Work on the statue began Tuesday in downtown Budapest, according to Klubradio, a news station known to be critical of the government. The protest was held that evening adjacent to the U.S. Embassy building, with protesters carrying signs saying the memorial is “a falsification of Hungary’s history.”
The Freedom Square monument, due to be completed in May, will pay tribute to “all Hungarian victims with the erection of the monument commemorating the tragic German occupation and the memorial year to mark the 70th anniversary of the Holocaust,” according to the Hungarian Government Information Center.
The Jewish community has argued that the memorial removes any responsibility from the Hungarian government of that time for the death of Hungarian Jews.

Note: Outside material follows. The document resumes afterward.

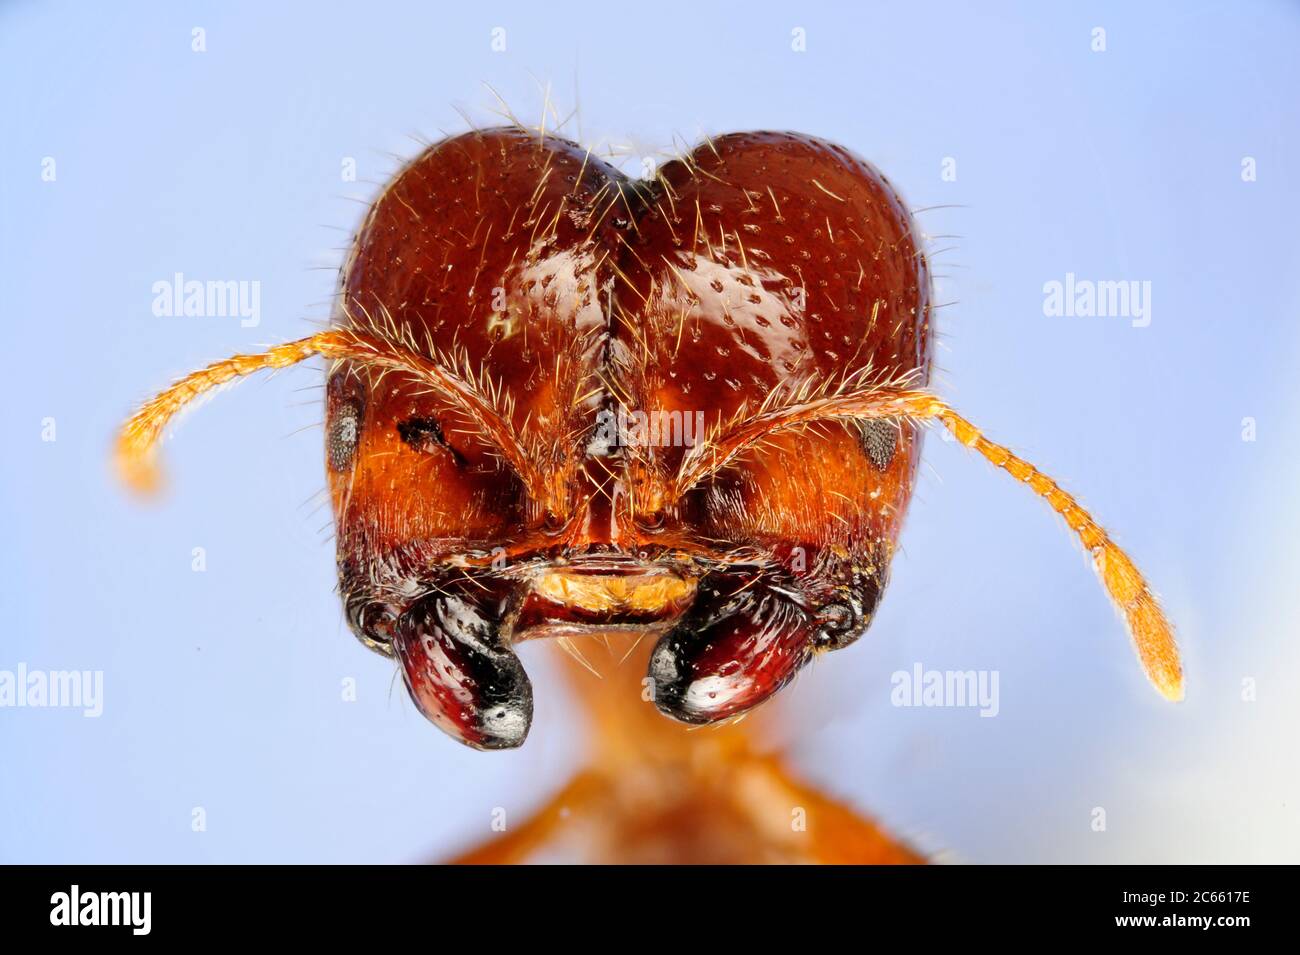 [Digital focus stacking] Ant portrait, Solenopsis geminata is one of several species that are known as fire ants, Picture was taken in cooperation with the 'Staatl. Museum für Naturkunde Karlsruhe'. Stock Photo

Along with the Jewish community, the protesters included Hungarian opposition politicians and civil activists.
Construction was halted before the general elections, held over the weekend, due to the opposition of the Jewish community.
Andras Heisler, president of the Hungarian Jewish community, told Klubradio that the start of construction was a surprise to the leadership of the Jewish community, coming just days after the elections in which the ultranationalist Jobbik party garnered 23 percent of the vote — an increase of 6 percent from four years ago.
Following Sunday’s elections, Jewish community leaders congratulated the winning Fidesz party, notably its leader, Prime Minister Viktor Orban.